■ WORK TO BE COMPLETED
All of the data should be repeated exactly; pictures are not part of the copy.

■ DATASET EXTRACT
________________________

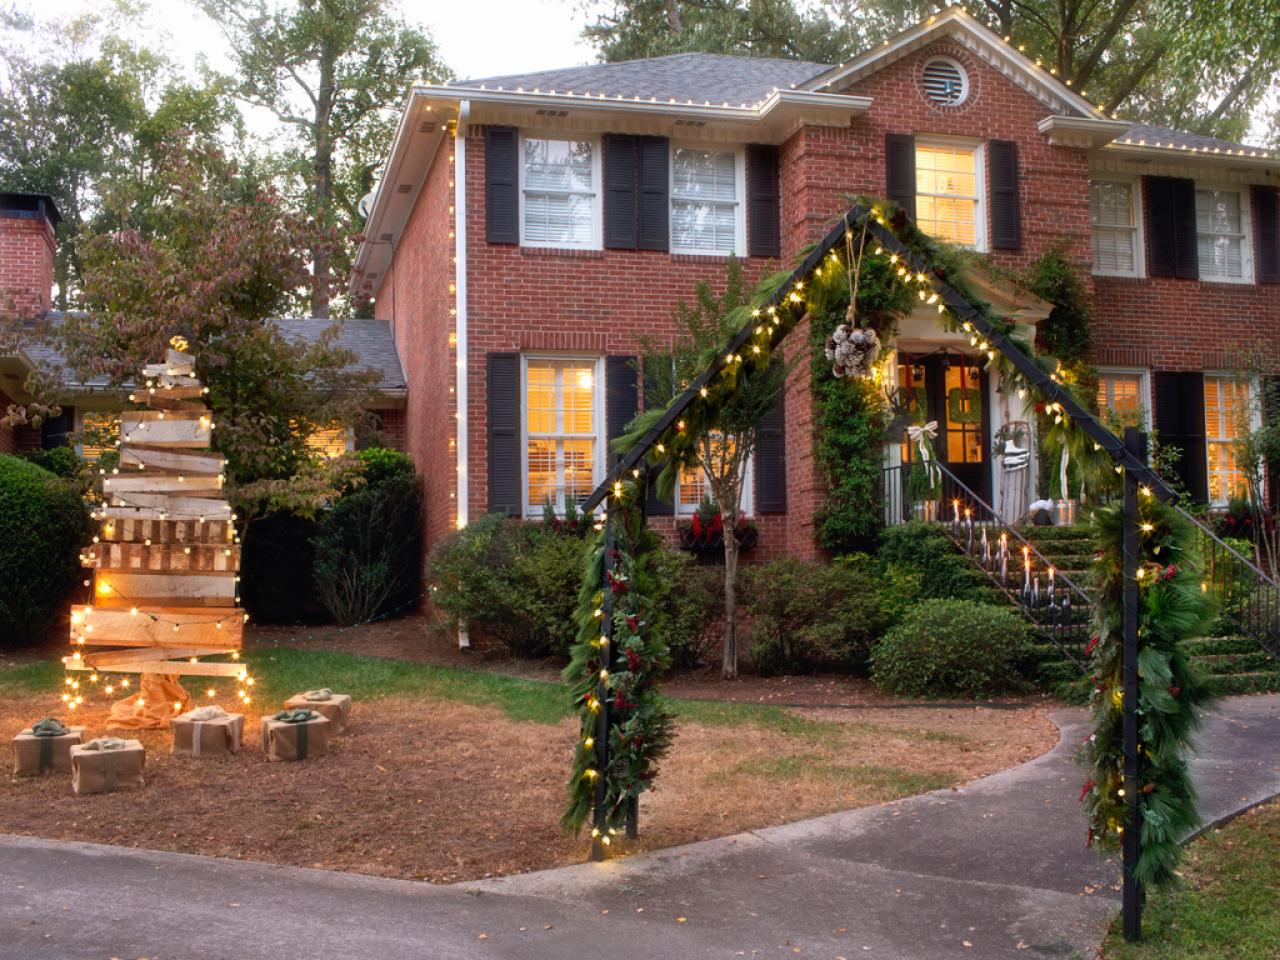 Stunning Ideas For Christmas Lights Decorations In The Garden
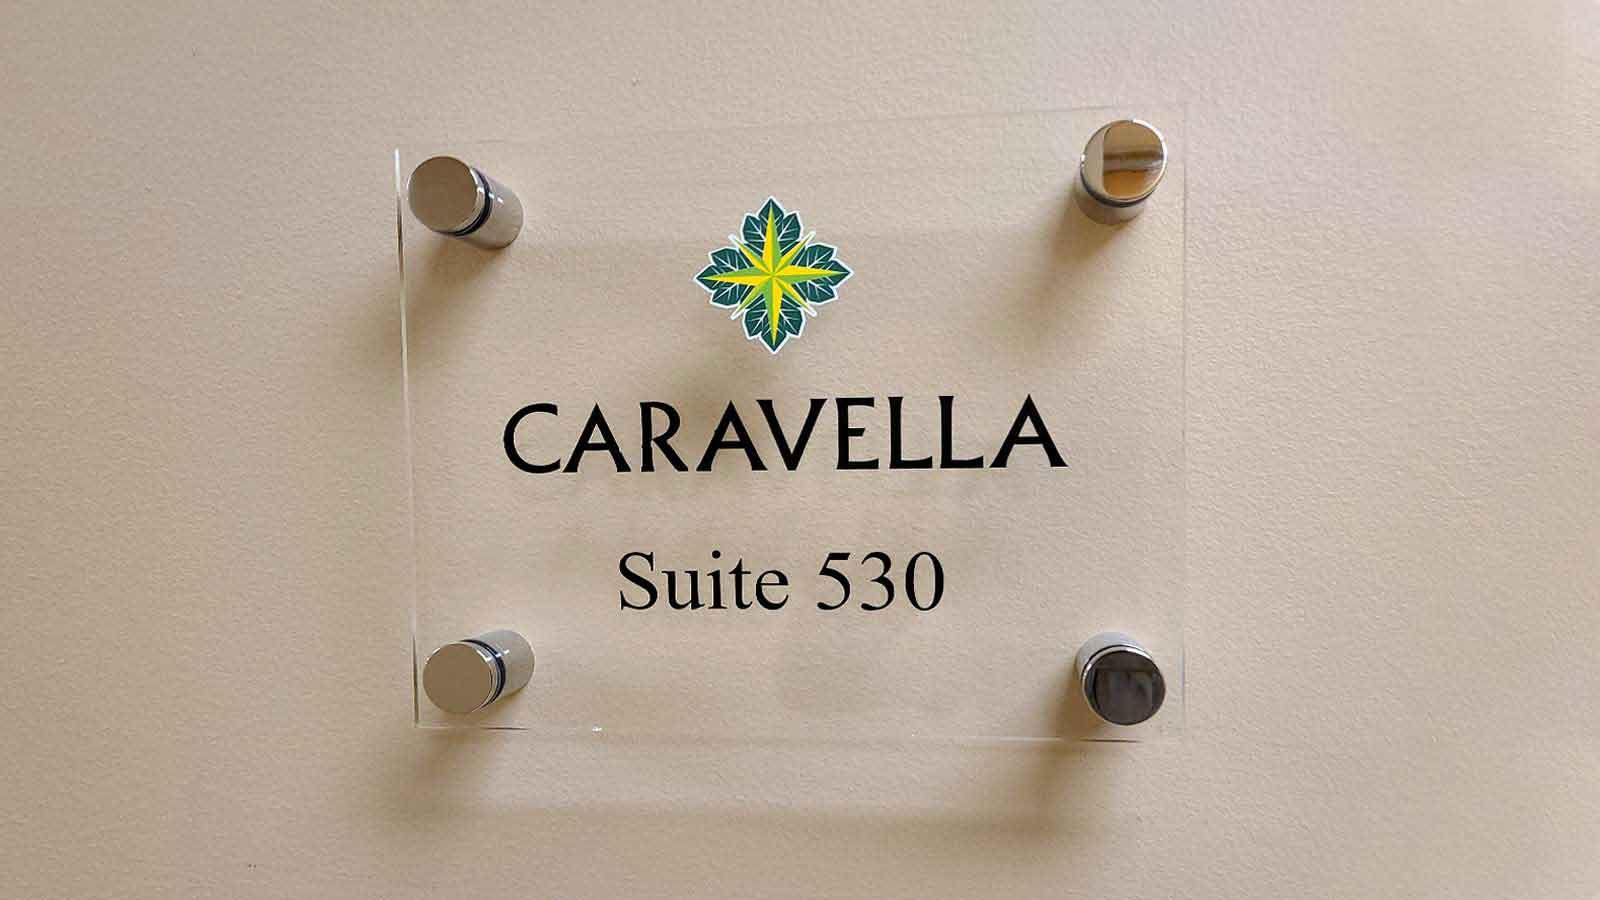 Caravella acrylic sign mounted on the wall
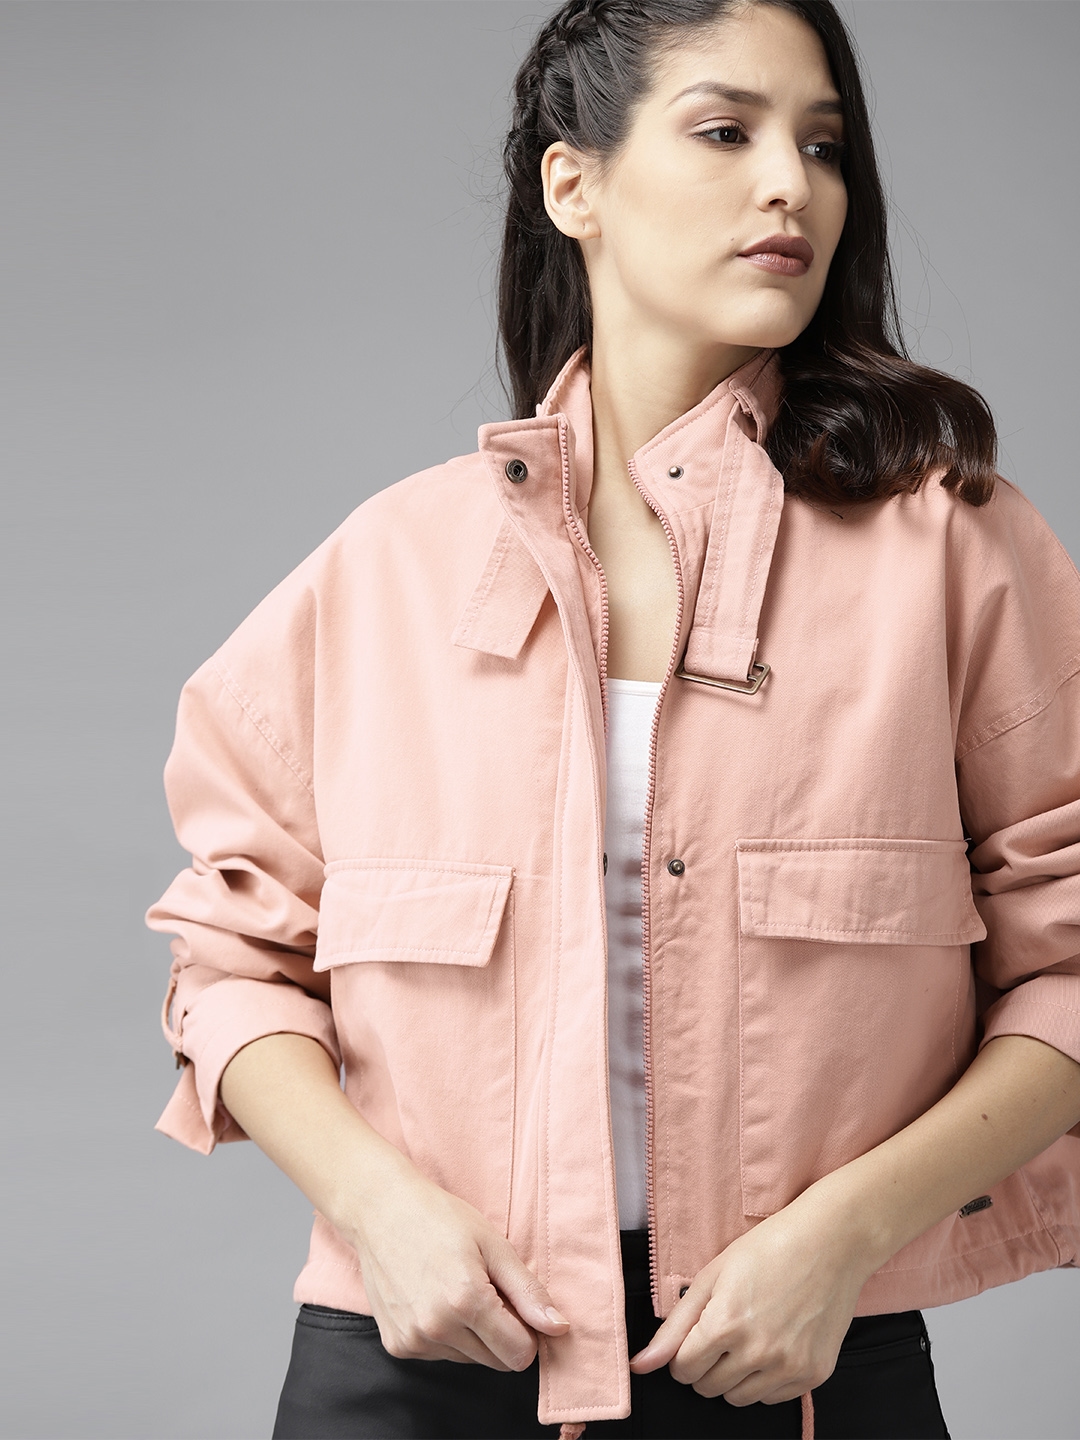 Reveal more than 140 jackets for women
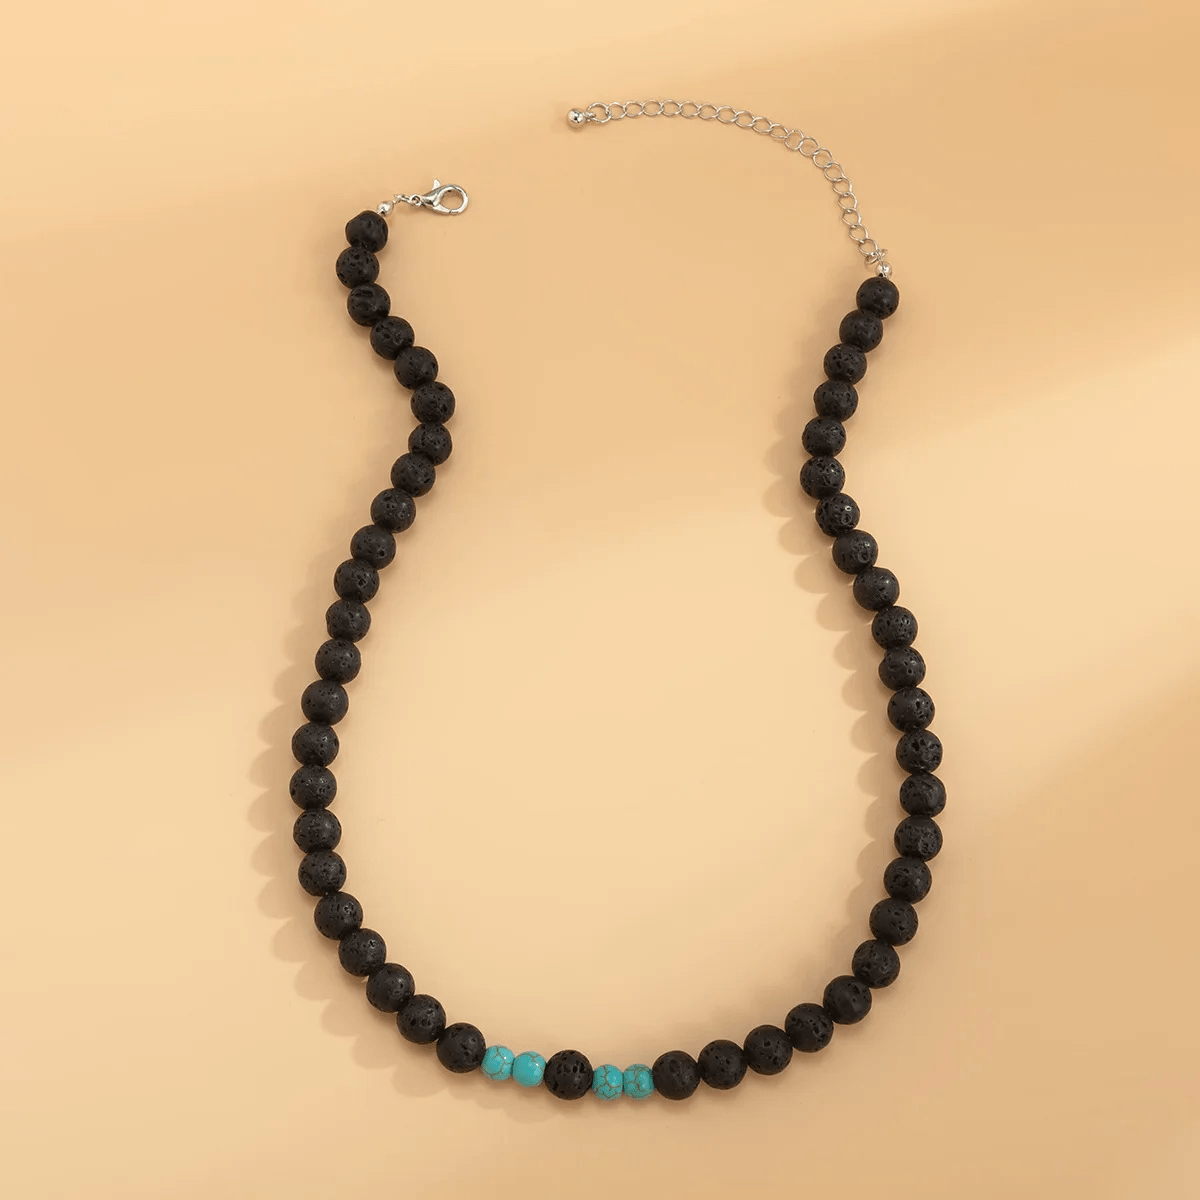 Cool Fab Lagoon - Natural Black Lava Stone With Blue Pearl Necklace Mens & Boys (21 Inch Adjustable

________________________

■ EXPECTED ANSWER
 Stunning Ideas For Christmas Lights Decorations In The Garden
 Caravella acrylic sign mounted on the wall
 Reveal more than 140 jackets for women
 Cool Fab Lagoon - Natural Black Lava Stone With Blue Pearl Necklace Mens & Boys (21 Inch Adjustable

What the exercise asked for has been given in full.